Supreme Court Justice Eric Holder
The NSSF wants you involved in elections. Major civil rights cases decided by one vote!
Reminds me to mention that I still think Roberts is a genius with his Obamacare ruling. You see, the case can still be challenged. Roberts said it’s a tax. Well, you can’t challenge a tax until you pay it, per law. So, once someone starts paying it, he may get a libertarianish twofer. The first being the court actually acknowledges the commerce clause exists. And someone challenging a tax.
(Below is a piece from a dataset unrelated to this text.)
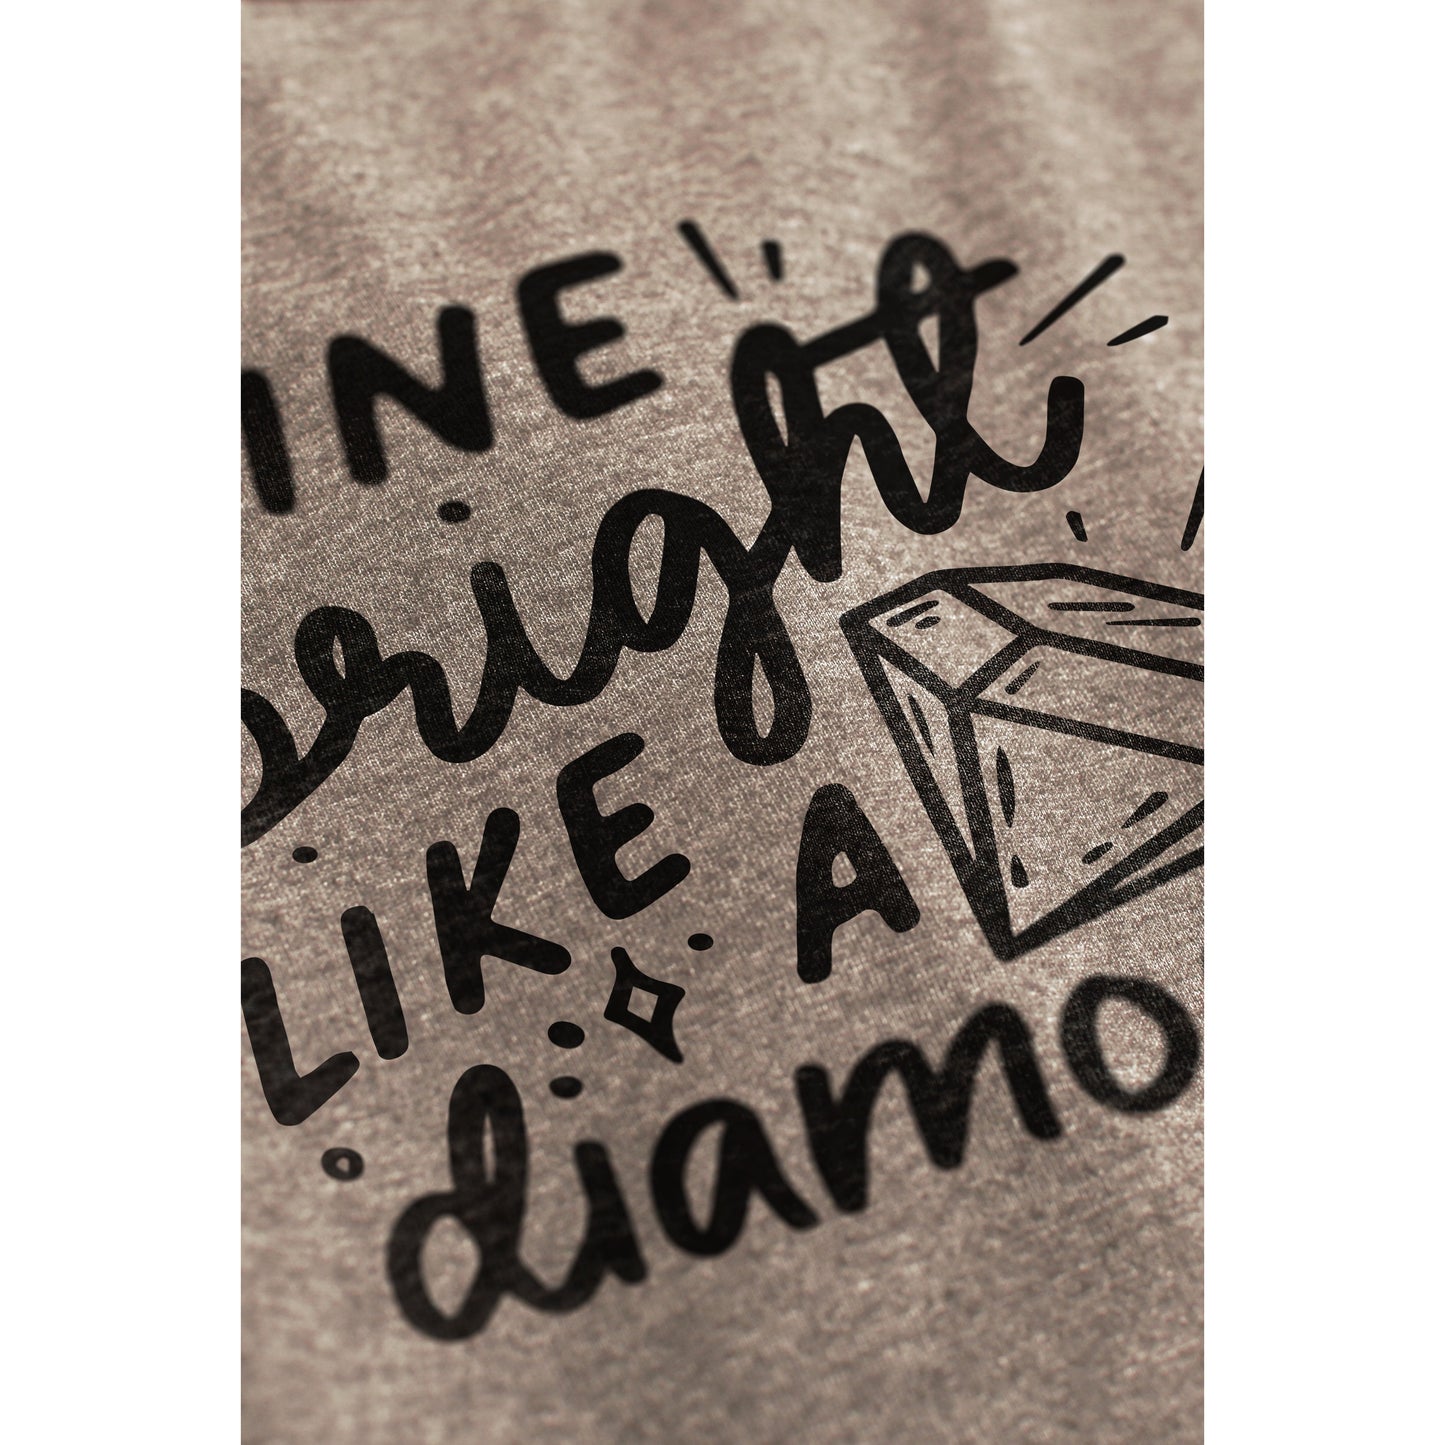 Shine Bright Like A Diamond - Stories You Can Wear by Thread Tank

Sure, I’m way out on a limb but you never know.
July 18th, 2012 at 9:48 am
He said that Congress didn’t intend it to be covered by the Anti-Injunction Act, so they could rule on it before someone paid the tax. It’s a smaller split-the-baby — the Anti-Injunction Act is kinda an unconstitutional infringement by the legislative branch on the executive branch, but one that justices like in the overwhelming majority of cases — which is why it is tremendously illogical, but it means that the mandate tax itself can’t be successfully challenged again*.
* Barring information not present in the first case, such as if the IRS were to enforce it so heavily that it became a punishment instead of a tax. That’d require possible imprisonment or ~10% of income tax rates, from the case law.
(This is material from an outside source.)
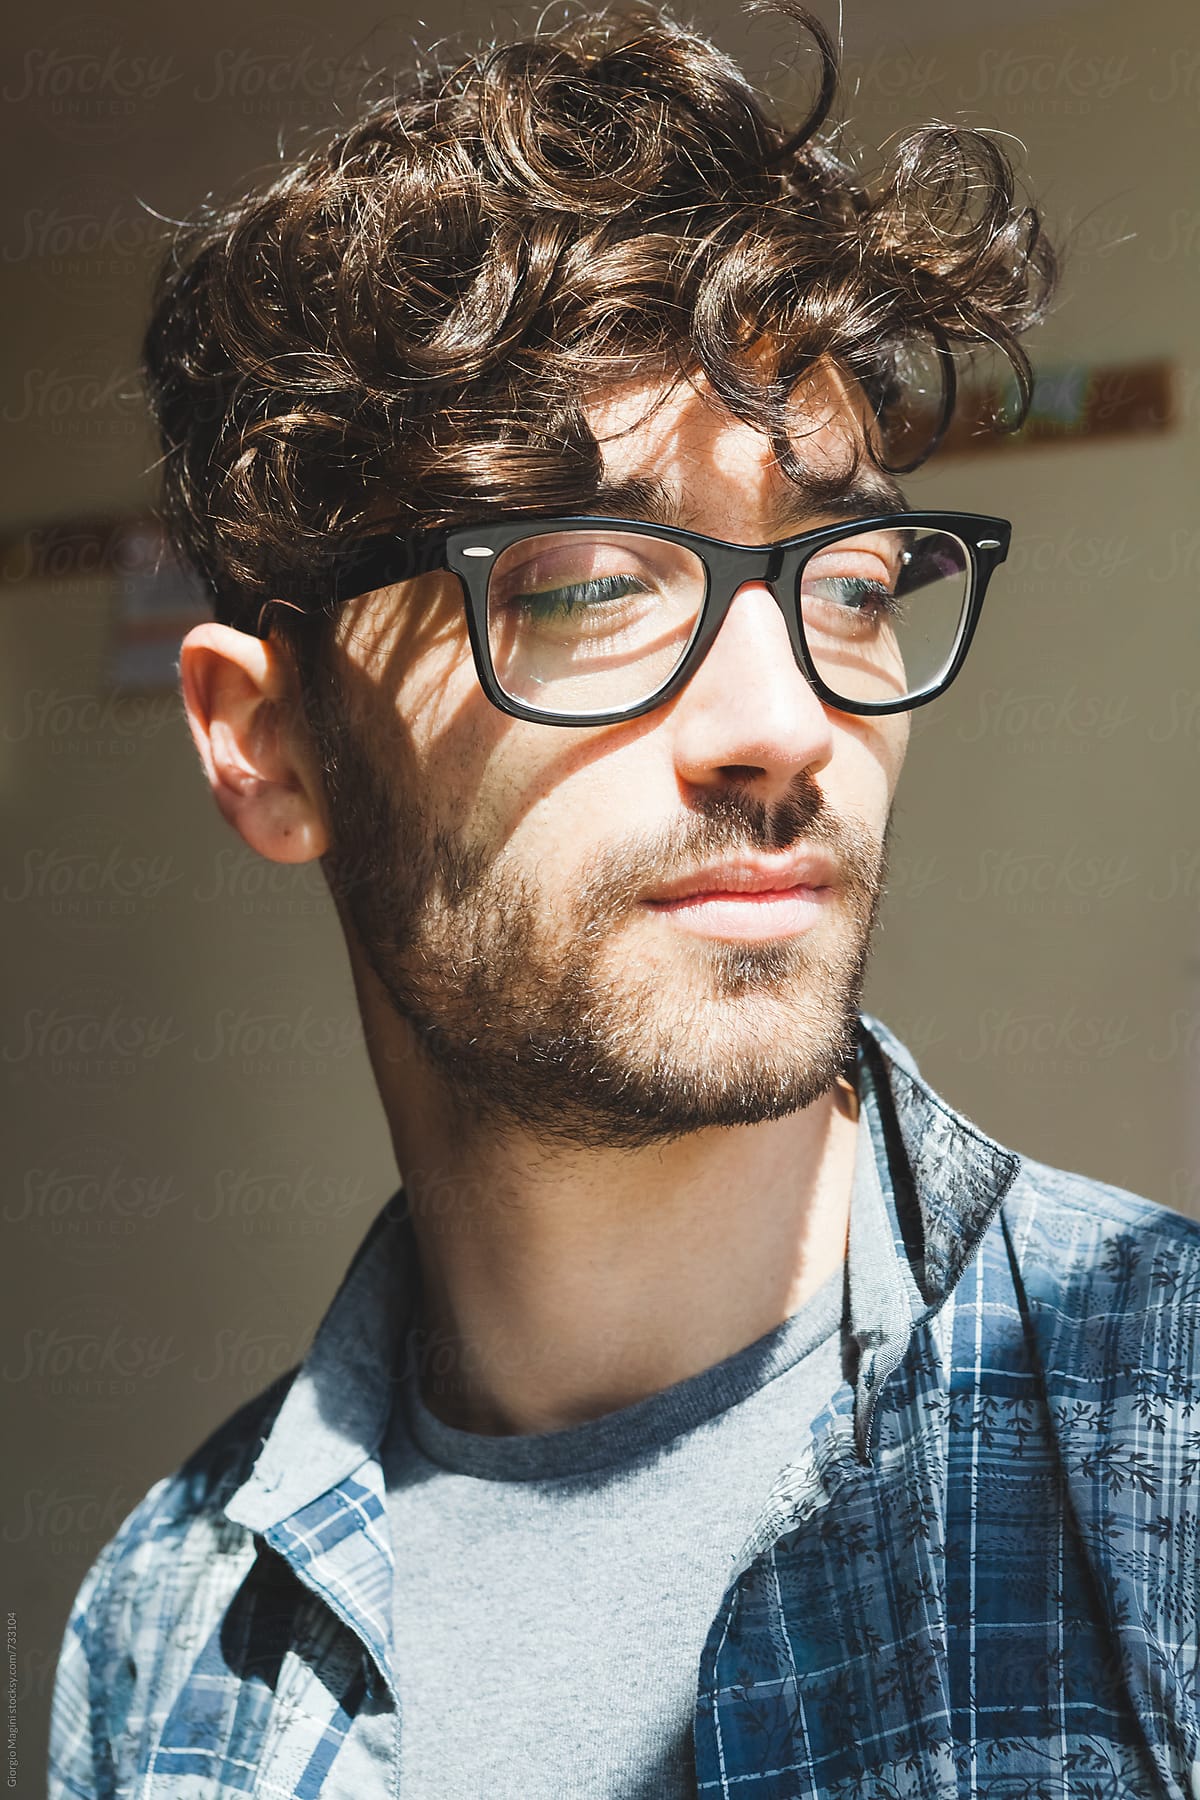 Kanon sandhed Vanding Portrait Of A Young College Student With Glasses" by Stocksy Contributor  "Giorgio Magini" - Stocksy

July 18th, 2012 at 10:40 am
“The first being the court actually acknowledges the commerce clause exists.”
I was under the impression that they have always acknowledged that it existed. It’s just that this time they said the government had over-reached its authority.
July 18th, 2012 at 1:19 pm
Look Roberts screwed the American people over. No ifs ands or buts about it. More power to the gov’t.
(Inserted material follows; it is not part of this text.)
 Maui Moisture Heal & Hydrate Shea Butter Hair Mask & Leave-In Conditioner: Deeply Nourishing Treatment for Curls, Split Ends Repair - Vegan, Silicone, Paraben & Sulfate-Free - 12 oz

July 18th, 2012 at 6:16 pm
If he made the decision based on politics, he should resign.
Waaaaay outside the scope of the court’s authority (though none of them seem to care or acknowledge that).
Also, all revenue bills have to originate in the House.
This did not.
July 18th, 2012 at 9:46 pm
Well, it’s not the ruling I’d have preferred. But he did say that the Supreme Court’s job is not to save the country from bad political choices. That’s entirely correct and if you look at this in long perspective, it’s a libertarian point, telling us to sit up, take responsibility, and choose politics carefully.
The Left has long gotten its way by using the SC to legislate what they couldn’t get through Congress.
As I read it, Roberts’ message was this: elect better people and hold them to account through elections.
I suspect Roberts also slipped the Commerce Clause (a source of much Lefty statism) a poison pill in that he declared there are limits to what the Commerce Clause can be stretched to cover. But these are all abstract, long-game gambits — and I’d much prefer that he slapped it down hard.
Yet perhaps not coincidentally, by upholding Obamacare. he made BHO’s re-election less likely because the law is widely unpopular and the best route to repeal and erase is now with a new administration.
Of course, that was before BHO committed his beaut of a game-changing faux pas “(You didn’t build that…:”) last week. Short take? My hunch (and indeed fervent hope) is that this one comment cost him the election.
In it he reveals how thoroughly un-American he is in word, thought, and deed. This guy — who appears to be a good family man — is nonetheless a total product of today’s academy.
And that’s where he should have stayed and never entered politics, for which he’s manifestly unsuited. So let’s get him back to his natural environment as soon as possible.